By Mary Hearty

Despite the tremendous positive impacts brought by the World Wide Web, there is a rise of online abuse which is increasing threats to global progress on women’s rights and empowerment.

Also, majority of women are not connected to the web, preventing millions from using the web to learn, earn and make their voices heard.

Sir Tim Berners-Lee in his open letter during the 31st birthday of the web said that he is seriously concerned that online harms are threatening the significant development that has been made on gender equality.

According to a new global research conducted by Sir Tim Berners-Lee’s Web Foundation and the World Association of Girl Guides and Girl Scout, more than half of young women have experienced online abuse and harassment.

Among them include aggressive messages, sexual harassments and the sharing of private images without their consent.

Maria, a young leader for the Girl Guides Association of Cyprus was surveyed on the issue.

She said, “As a girl, I spent time learning from the Internet.

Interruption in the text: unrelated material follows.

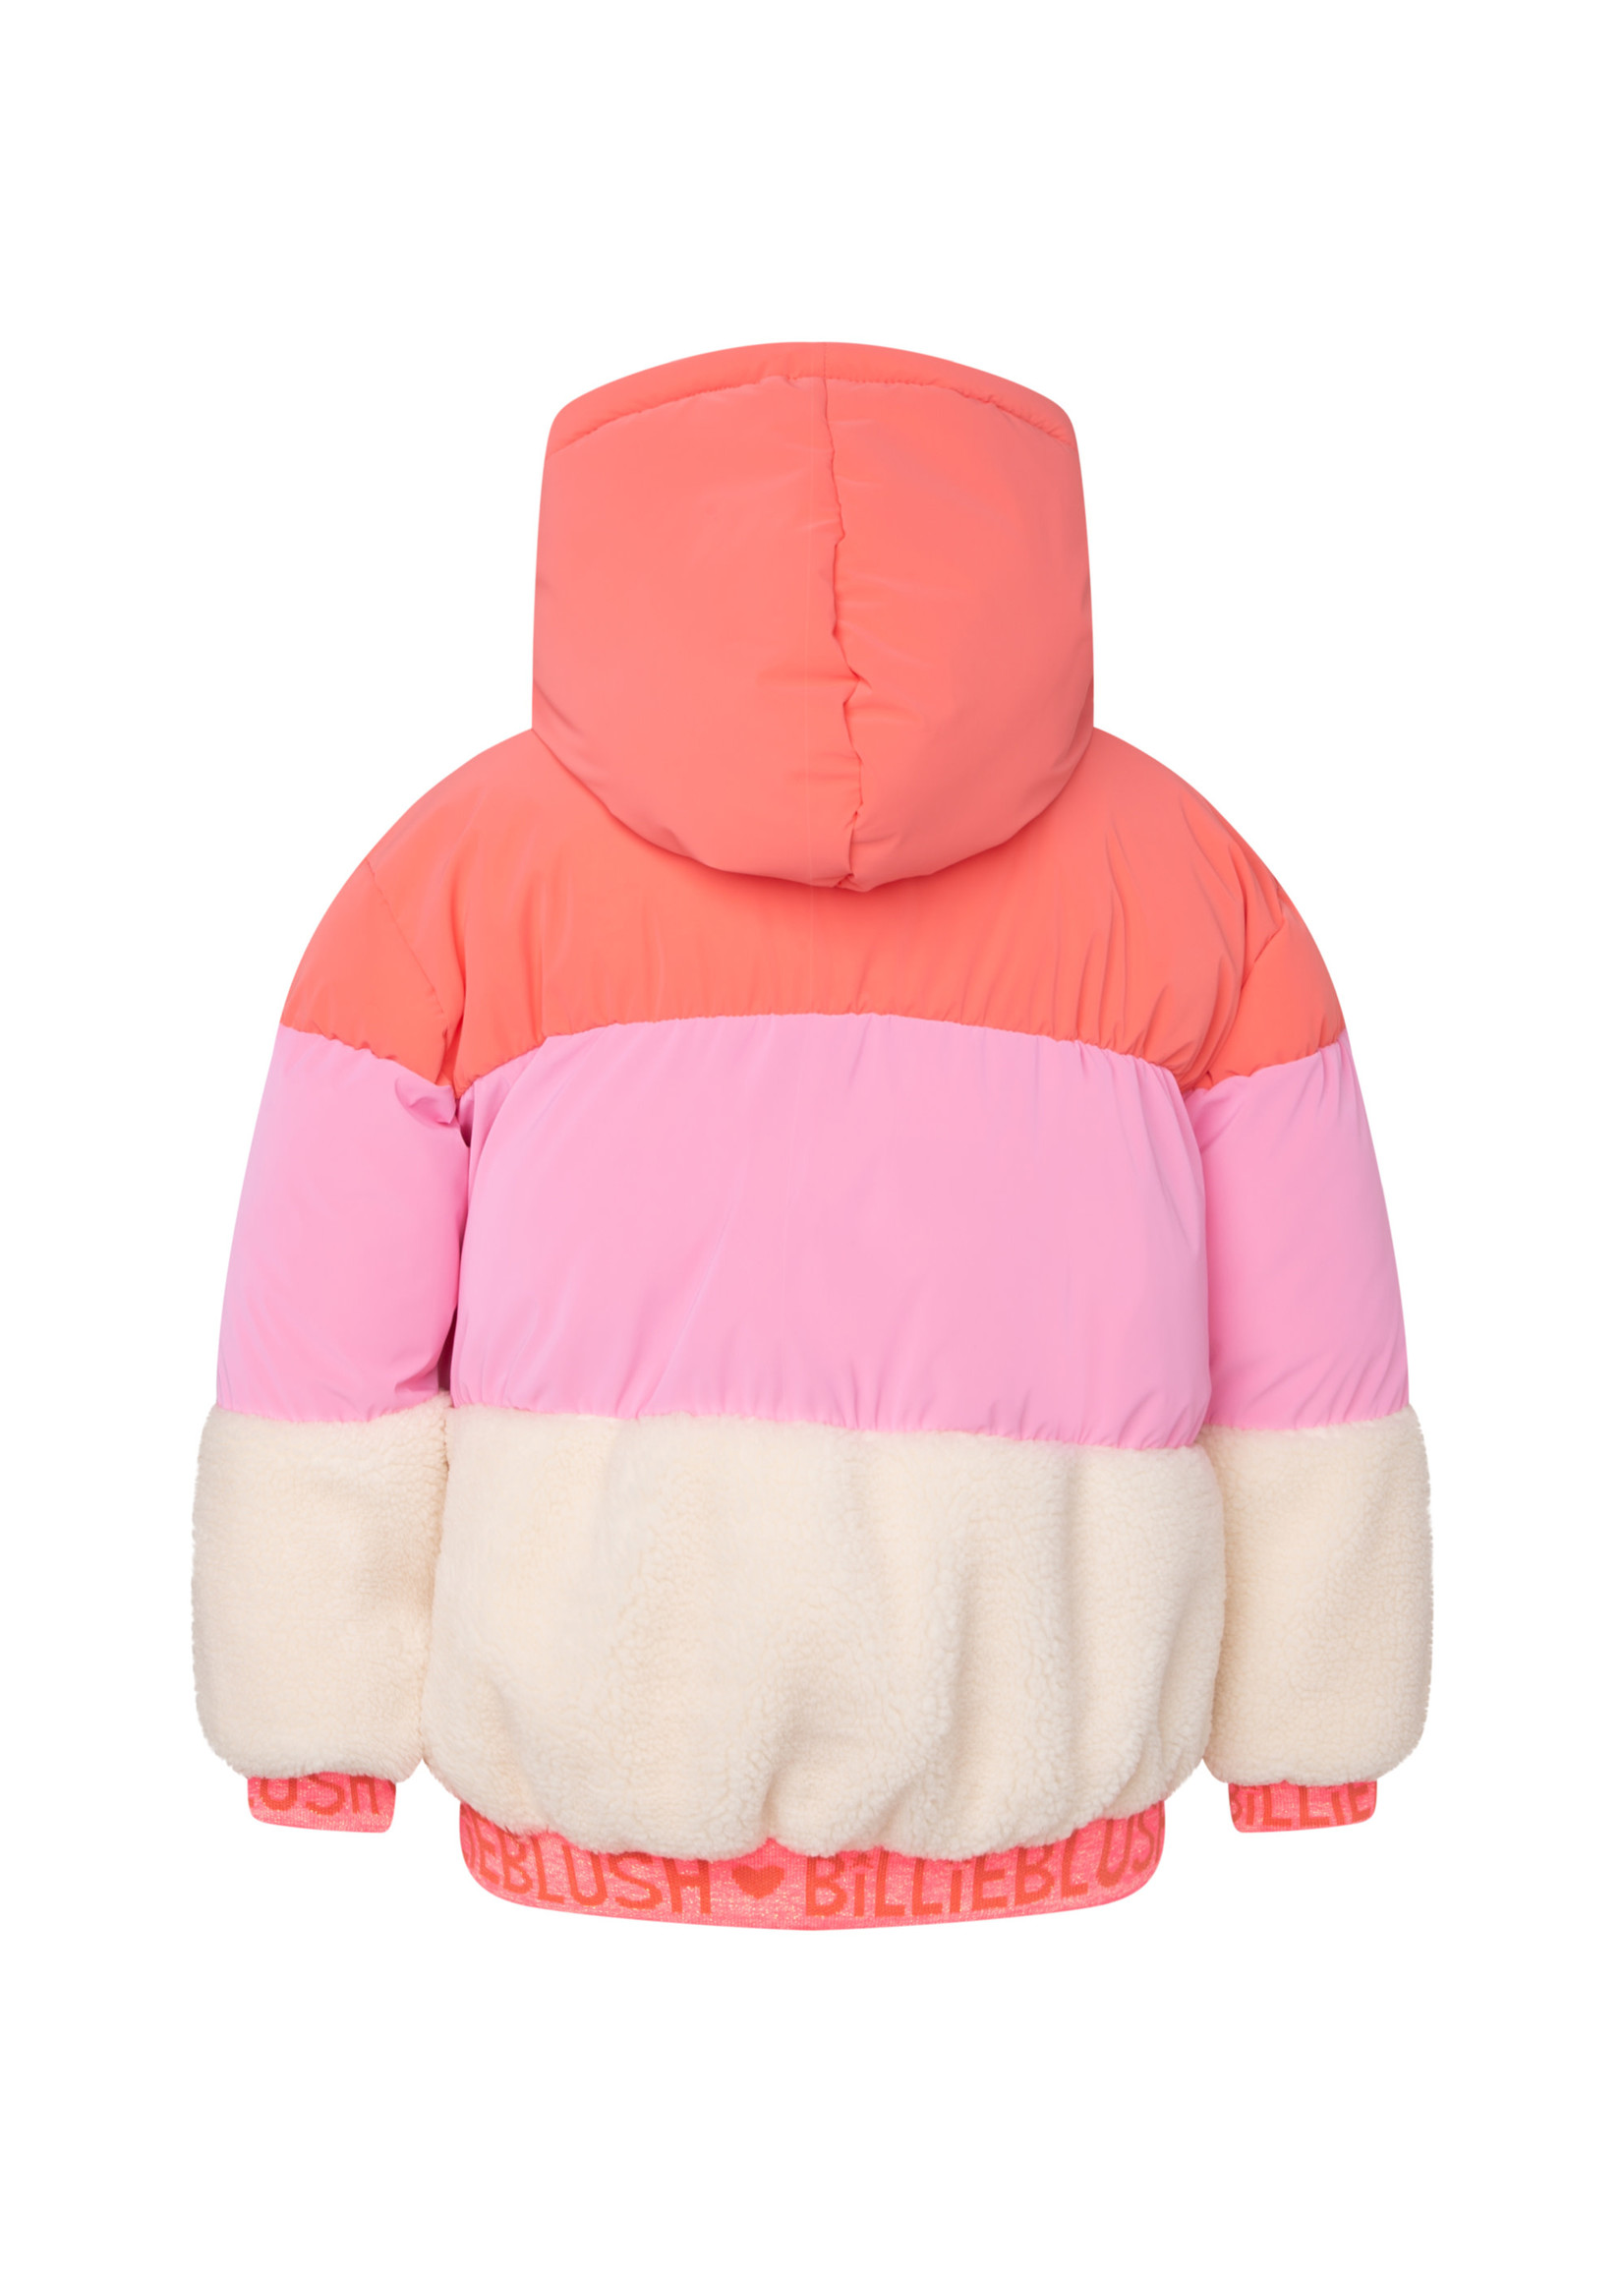 Billieblush Billieblush puffed jacket reversible fluf pink/orange - U16336

However, I was not prepared for the inappropriate photos and comments I would receive from people online, for people making fun of me, for being blackmailed.”

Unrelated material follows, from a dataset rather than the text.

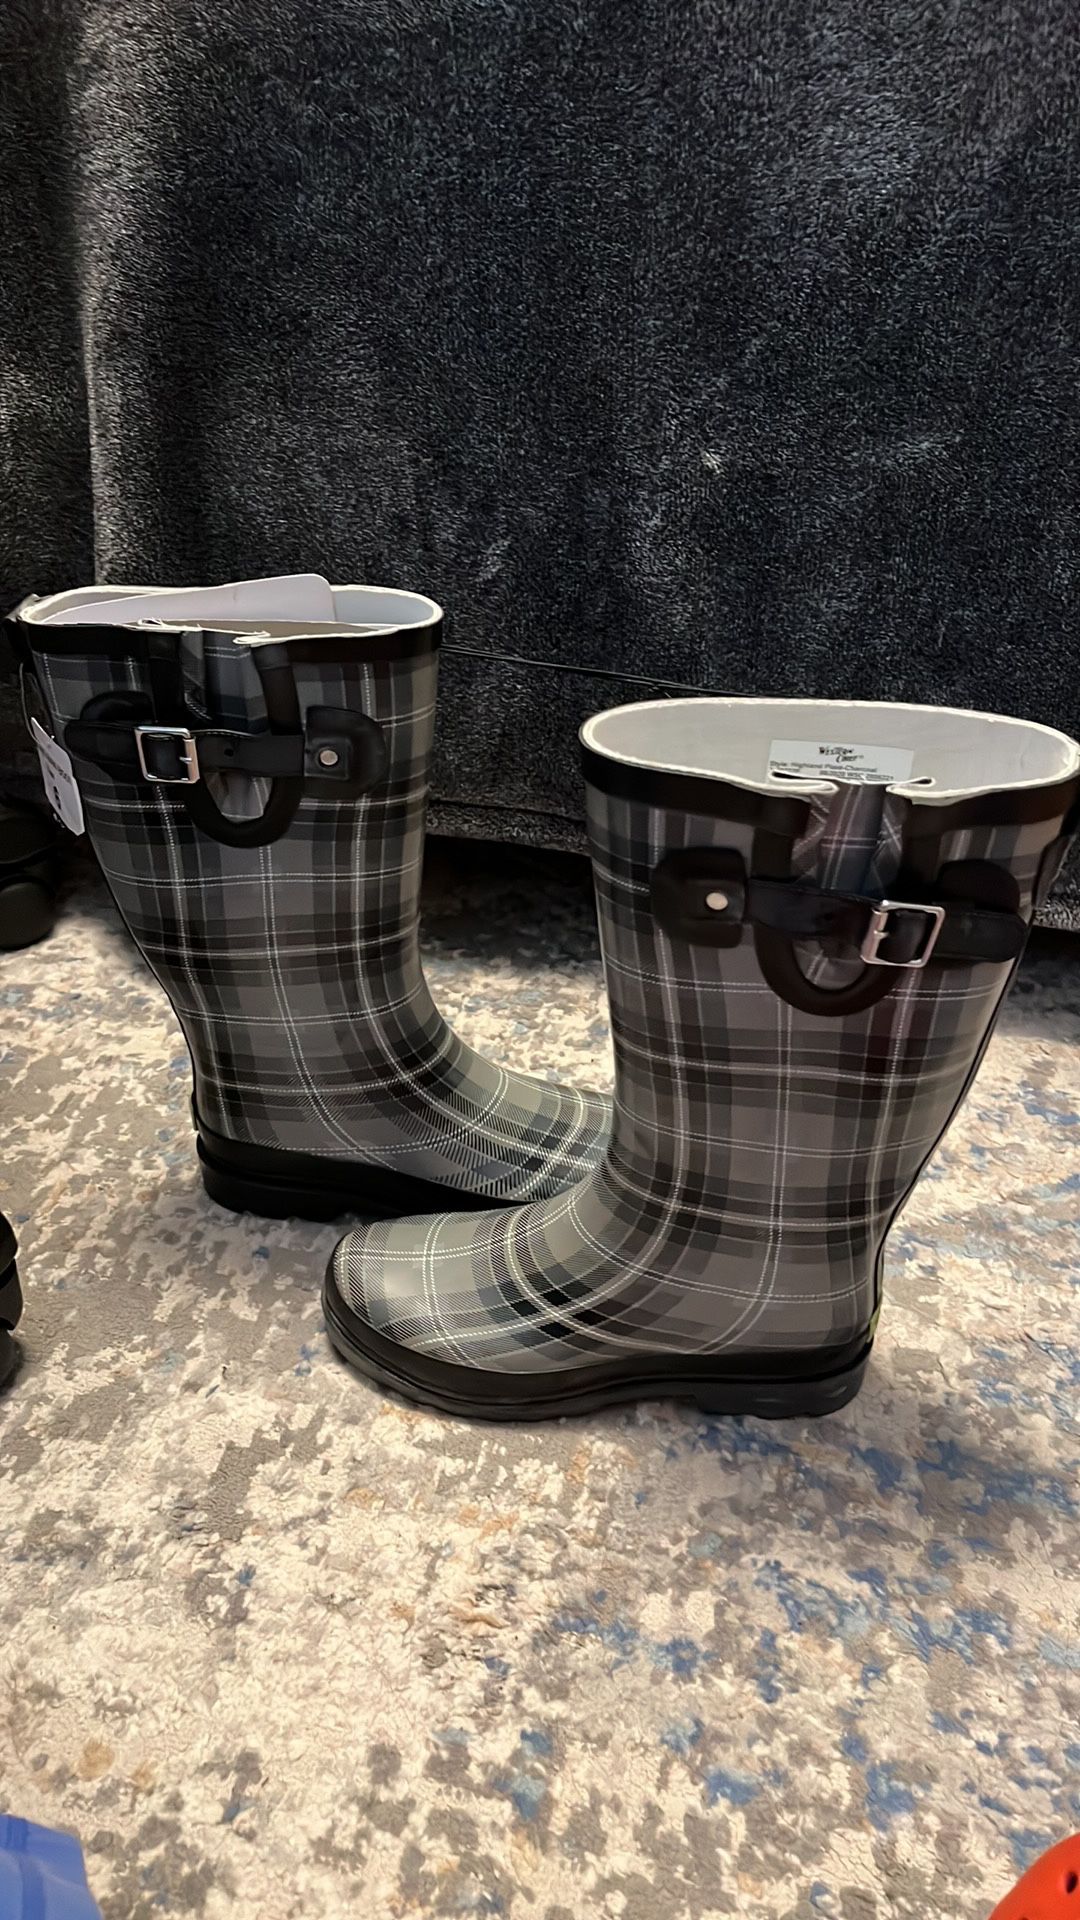 New Rain Boots Black And Grey

“Online harassment has a deep impact on the girls being targeted and allows a harmful, silencing culture to develop,” she added.

The online mistreatment forces women out of jobs and causes girls to drop out of school. In addition, it damages relationships leading to terrific distress.

Constant online harassment makes women quiet and denies the world of their opinions and ideas, with female journalists and politicians pushed off social media and bullied out of office.

Moreover, a survey from United Nations Children’s Emergency Fund (UNICEF) found that 40% of women journalists said they avoided reporting on certain stories because of expected harassment.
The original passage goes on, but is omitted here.